Now that we have successfully released the new aion supercomputer, and before leaving my current position at the University, I wanted to share the experience learned from these long HPC developments (I also wanted to ensure that they will be later credited to the right persons at the origin of these works).

In complement to the ACM PEARC’22 and the IEEE ISPDC22 papers, the article “Management of an Academic HPC Research Computing Facility: The ULHPC Experience 2.0” aims as being a wrapup of all recent HPC developments under my supervision until the release of aion, to serve as the new reference article to cite when using the ULHPC facility [1].

The paper was (remotely) presented during the ACM HPCCT22 conference (6st ACM High Performance Computing and Cluster Technologies Conference) held in Fuzhou (China) on July 08-10, 2022, which I attended remotely from Boston.

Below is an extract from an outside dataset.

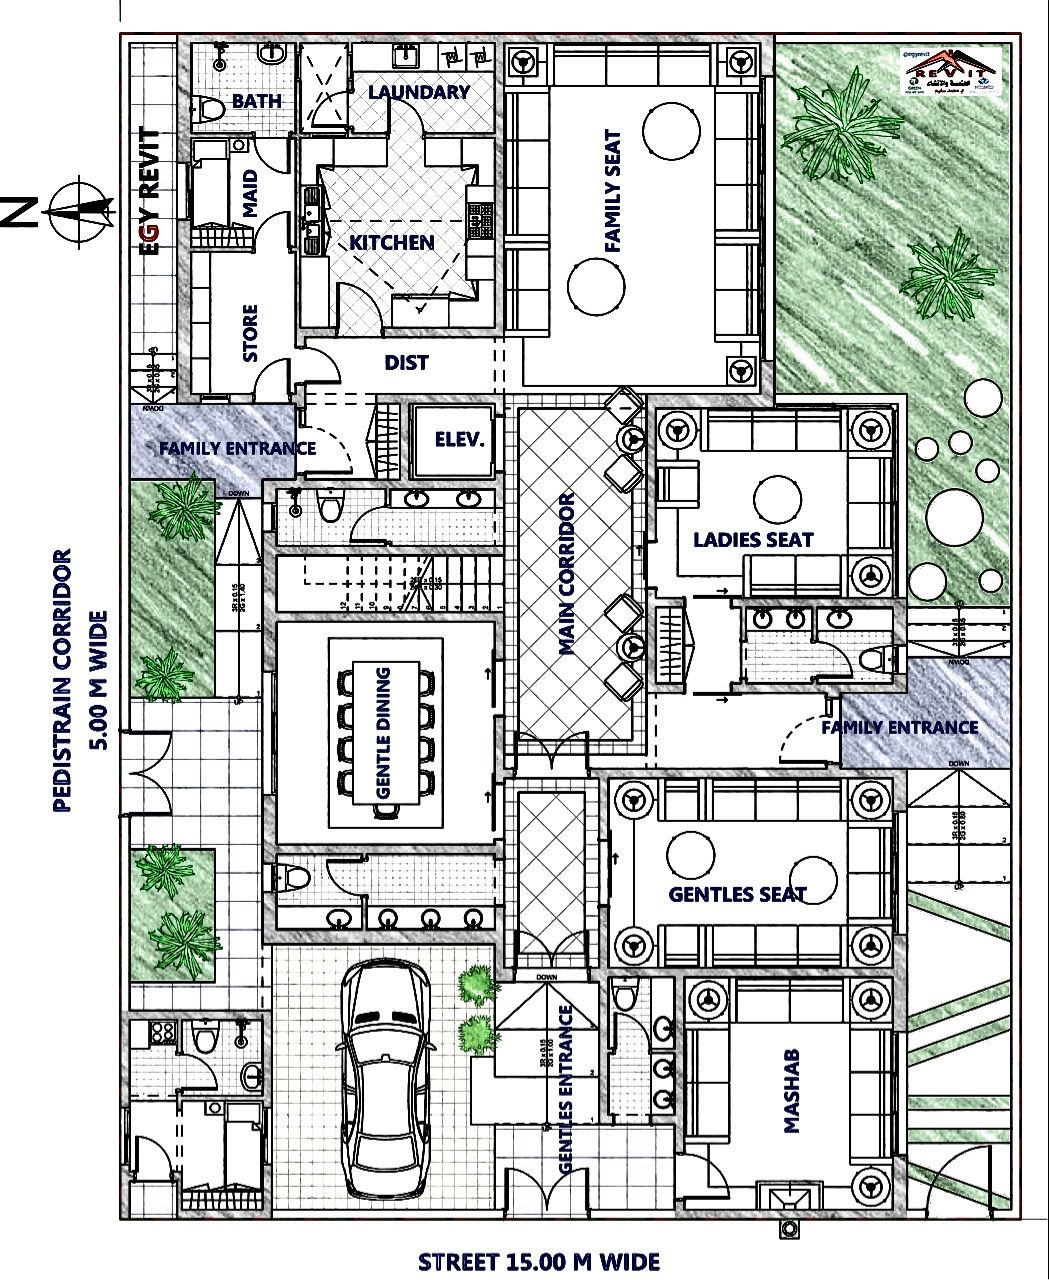 من تصميم ايجي ريفيت فيلا سكنية نيو كلاسيك مسقط أفقي للدور الارضي New House Plans Floor Plans House Plans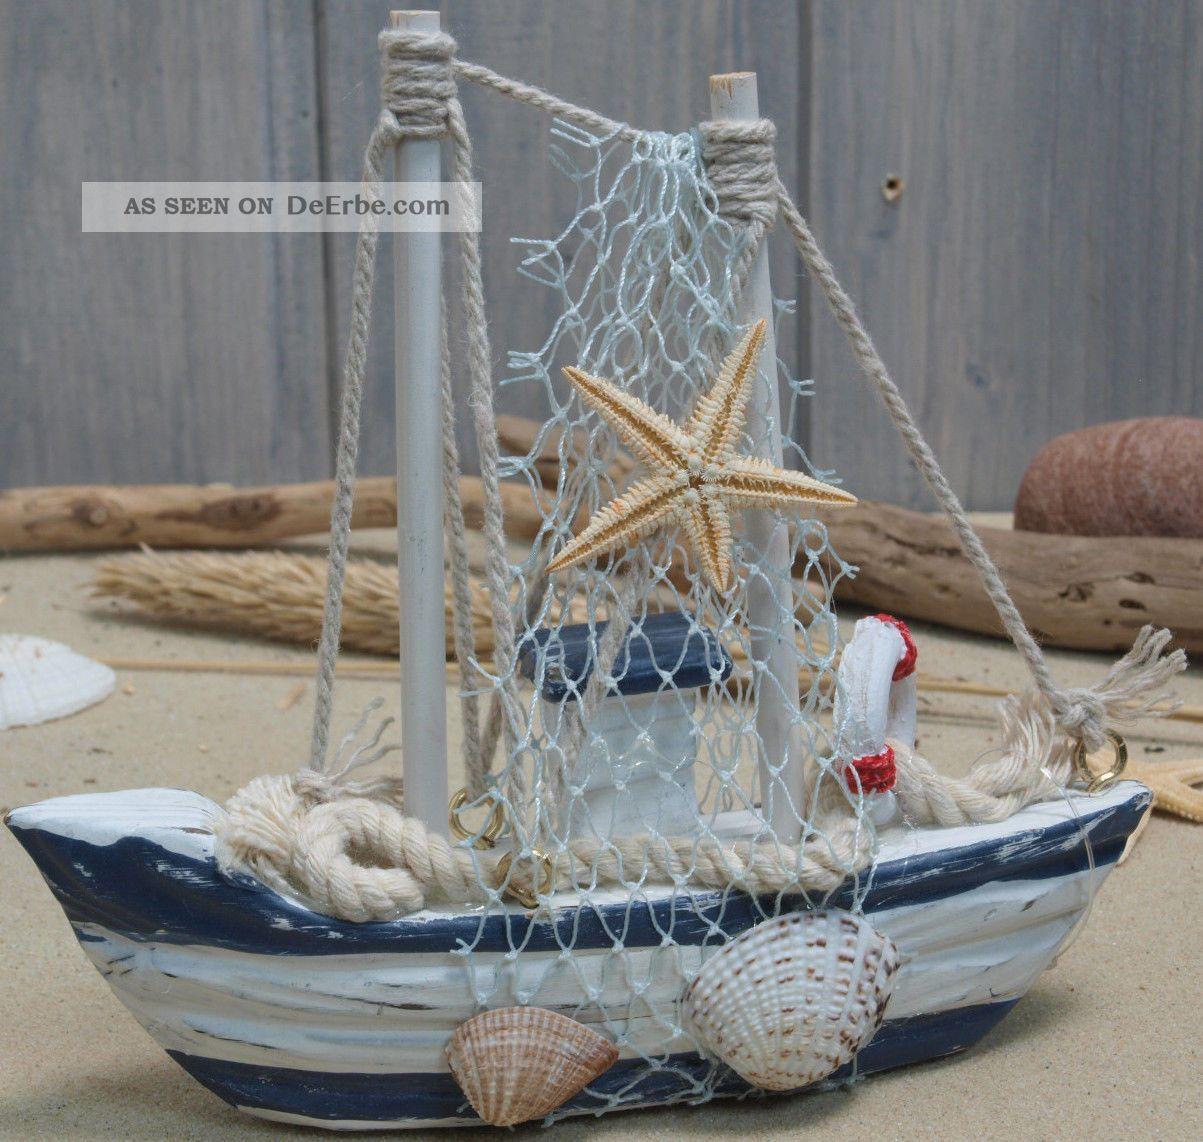 Fischerboot aus holz mit fangnetz bad deko 12 5x12cm - Maritime deko ...

  1. S. Varrette, H. Cartiaux, S. Peter, E. Kieffer, T. Valette, and A. Olloh, “Management of an Academic HPC & Research Computing Facility: The ULHPC Experience 2.0,” in Proc. of the 6^\textth ACM High Performance Computing and Cluster Technologies Conf. (HPCCT 2022), Fuzhou, China, 2022.
    doi

   Management of an Academic HPC Research Computing Facility: The ULHPC Experience 2.0

Abstract:

With the advent of the technological revolution and the digital transformation that made all scientific disciplines becoming computational, the need for High Performance Computing (HPC) has become and a strategic and critical asset to leverage new research and business in all domains requiring computing and storage performance. Since 2007, the University of Luxembourg operates a large academic HPC facility which remains the reference implementation within the country. This paper provides a general description of the current platform implementation as well as its operational management choices which have been adapted to the integration of a new liquid-cooled supercomputer, named Aion, released in 2021. The administration of a HPC facility to provide state-of-art computing systems, storage and software is indeed a complex and dynamic enterprise with the soul purpose to offer an enhanced user experience for intensive research computing and large-scale analytic workflows. Most design choices and feedback described in this work have been motivated by several years of experience in addressing in a flexible and convenient way the heterogeneous needs inherent to an academic environment towards research excellence. The different layers and stacks used within the operated facilities are reviewed, in particular with regards the user software management, or the adaptation of the Slurm Resource and Job Management System (RJMS) configuration with novel incentives mechanisms. In practice, the described and implemented environment brought concrete and measurable improvements with regards the platform utilization (+12,64%), jobs efficiency (average Wall-time Request Accuracy improved by 110,81%), the management and funding (increased by 10%). Thorough performance evaluation of the facility is also presented in this paper through reference benchmarks such as HPL, HPCG, Graph500, IOR or IO500. It reveals sustainable and scalable performance comparable to the most powerful supercomputers in the world, including for energy-efficient metrics (for instance, 5,19 GFlops/W (resp. 6,14 MTEPS/W) were demonstrated for full HPL (resp. Graph500) runs across all Aion nodes).